Schematic of our multi-study NMF framework. A Under the discovery-only model, we take the counts matrices for any number of studies as input, and learn signatures, exposures, and indicators of which signatures belong to each study. In this illustration, two studies are decomposed into a total of three signatures; the top study is found to contain the first two signatures, whereas the bottom study is found to contain the first and third signatures. This sharing pattern is shown by the signature indicator matrix. B Under the recovery-discovery model, we expand the NMF decomposition to both recover previously known signatures, encoded via informative priors, and to discover new signatures. Here, we show an example decomposition for one study, where one signature (SBS 2) is recovered and one signature is discovered. C In both models, we can incorporate covariates, such as gender and age as illustrated here, to learn relationships with the exposures
In many settings, we are also interested in specifically determining whether any previously found signatures are present in the data. Under the recovery-discovery model (Fig. 1B), we again take any number of counts matrices as input for joint estimation. However, we now expand the NMF decomposition into two terms, which we label as recovery and discovery respectively. The discovery term represents the de novo signatures, and is identical to the decomposition from the discovery-only model. The recovery term represents the previously found signatures and encodes the COSMIC v3.2 single-base substitution signatures [3] through informative priors, unlike the priors used in the discovery term. This encourages the estimation of signatures that are very similar to those in the COSMIC v3.2 database, while still allowing their values to be updated based on the provided new data. Hence, under this model, we learn signature estimates, signature indicator matrices, and exposures for both a set of discovered signatures and a set of recovered signatures.
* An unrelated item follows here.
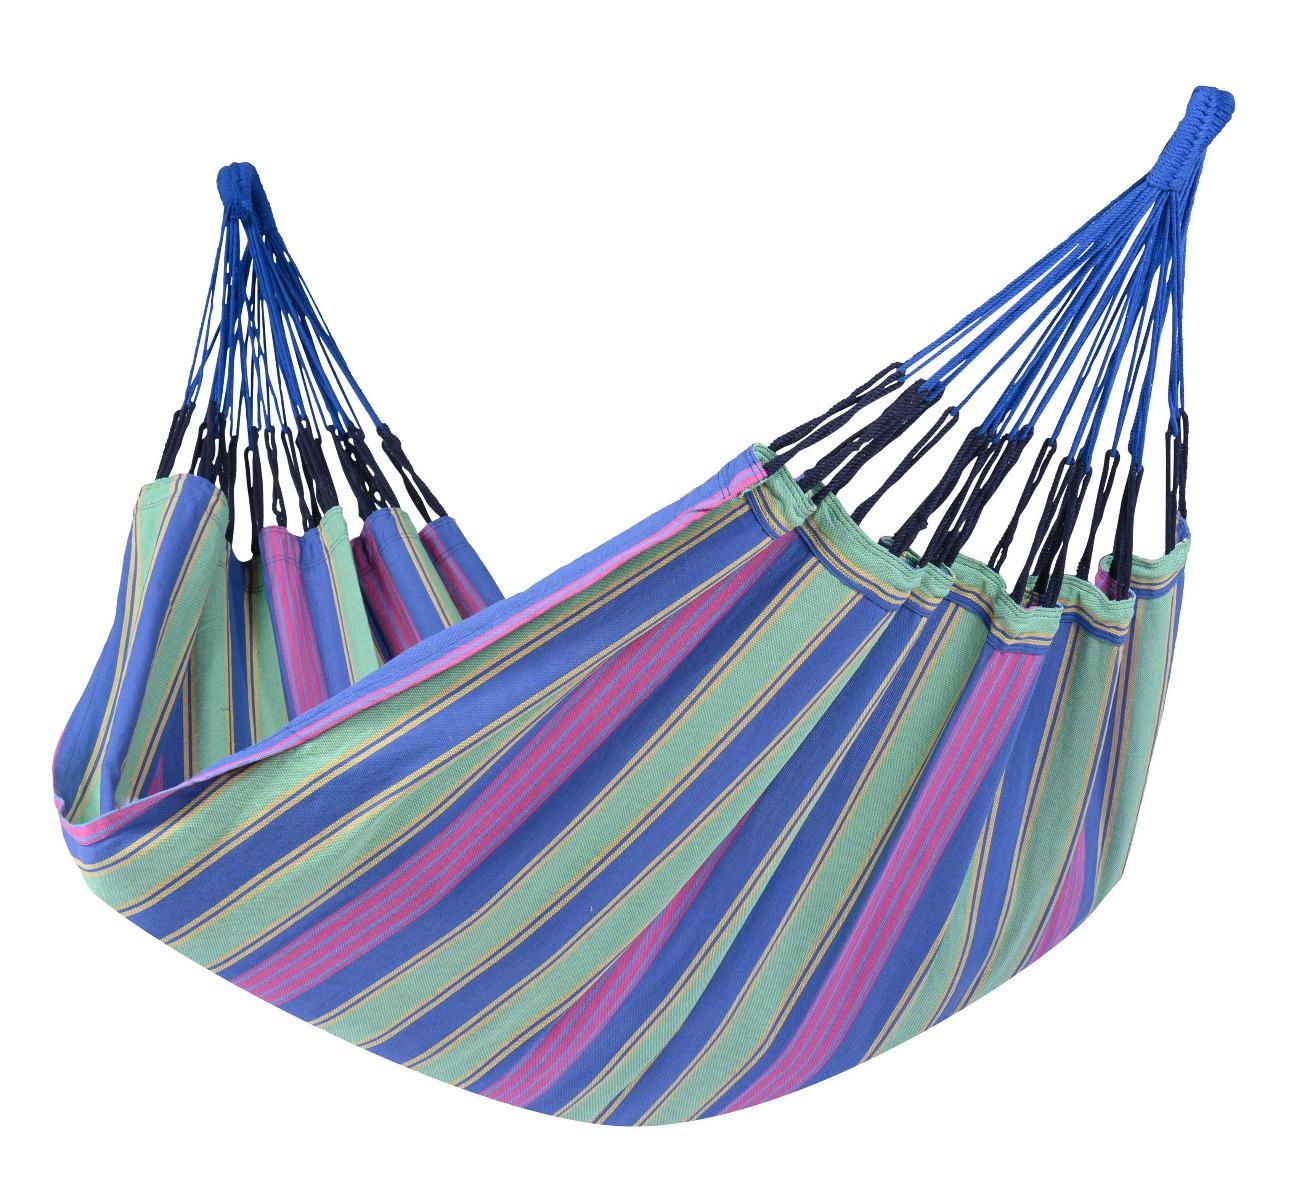 Hangmat 'Cuba' Blueberry - Tropilex �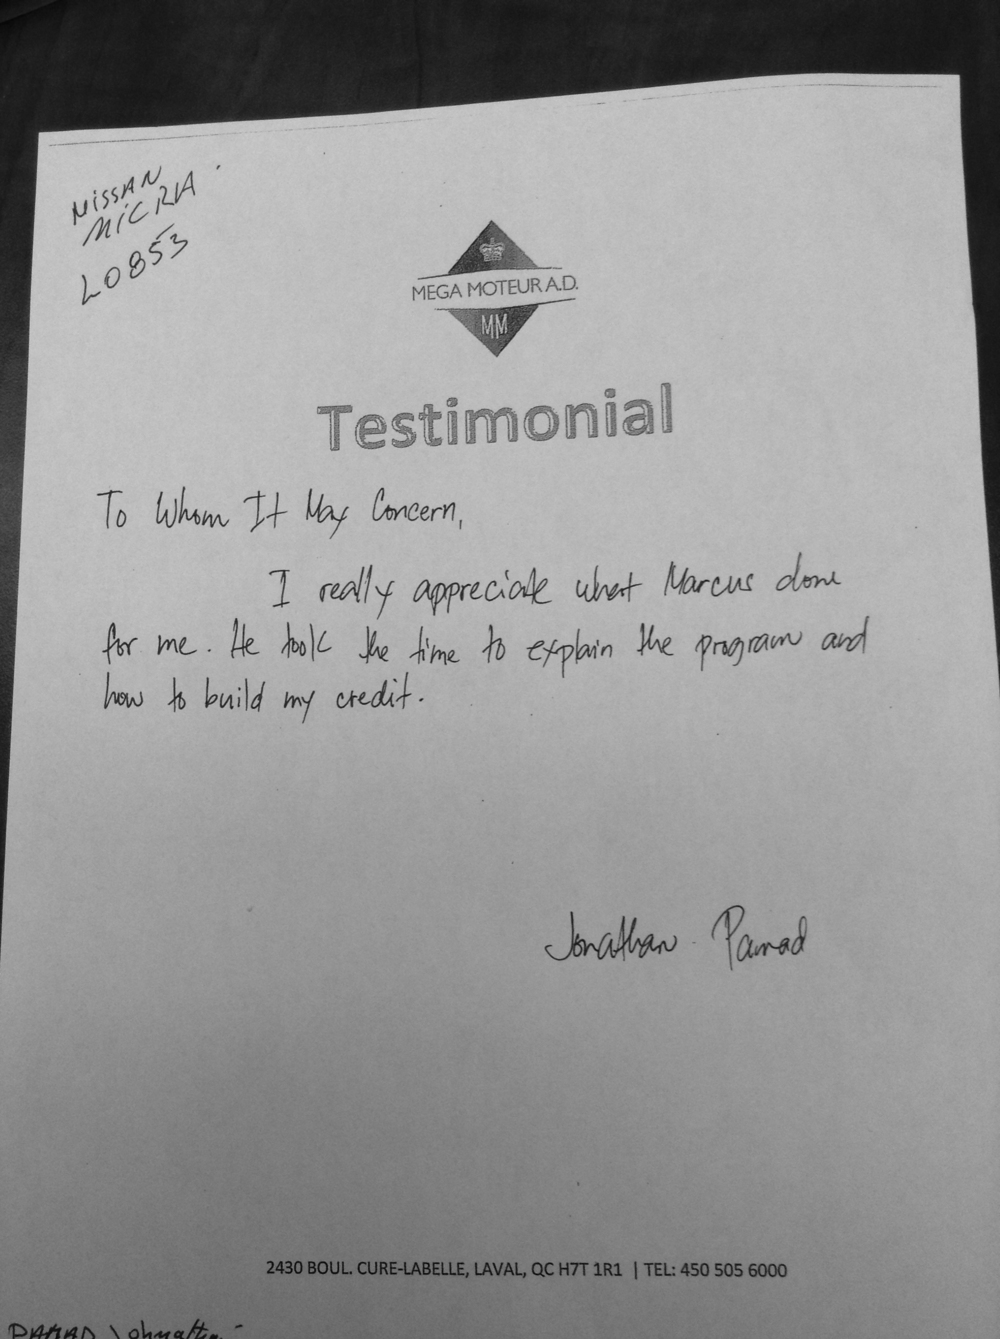 Johnathan pamad_Testimonial.jpg

Finally, we allow both models to take in optional, sample-level covariates and learn their associations with the exposures (Fig. 1C). In particular, we model covariates as having multiplicative effects on the exposure distributions; since we use the Gamma distribution as the exposure prior, this can be interpreted as a multiplicative effect on the mean exposure. However, we choose a prior on the coefficients, specifically a non-local formulation of the spike-and-slab prior [14], that enforces sparsity in these effects. This improves interpretability as well as biological plausibility in the model by encouraging covariates to have meaningful effects on the exposures to only a small set of signatures.
We provide further details on our models and inferential procedures in the “Methods” section.
Our approach improves signature estimation in the multi-study setting
To evaluate the performance of our approach first in the simpler setting without covariates, we designed a simulation study motivated by exploratory analyses of real data from different cancer types. In particular, we considered two main scenarios: a three-study simulation and a ten-study simulation. For each scenario, we generated 10 datasets and ran both our discovery-only and recovery-discovery methods, alongside existing methods. In particular, we compared our performance to two popular single-study approaches, signeR [7] and sigProfiler [3]; a multi-study approach, HDP [11], that is outside of the NMF framework; and a semi-supervised version of HDP using frozen nodes to encode known signatures, which we refer to as HDP-frozen. We ran the single-study methods in two ways: carrying out separate runs on each study, or carrying out a single run on all studies concatenated together. As a comparison, we also ran our discovery-only approach in “single-study mode” on the concatenated studies, though this would not typically be recommended. Further details on simulation set-up and running existing methods are in the “Methods” section.
We show results for both simulation scenarios in Fig. 2 and Additional file 1: Fig. S1 and examine three metrics. Namely, we report sensitivity (the proportion of ground-truth signatures for which sufficiently similar signatures were estimated in the correct study), precision (the proportion of estimated signatures that were sufficiently similar to ground-truth signatures in the correct study), and cosine similarity of estimated signatures with ground-truth signatures.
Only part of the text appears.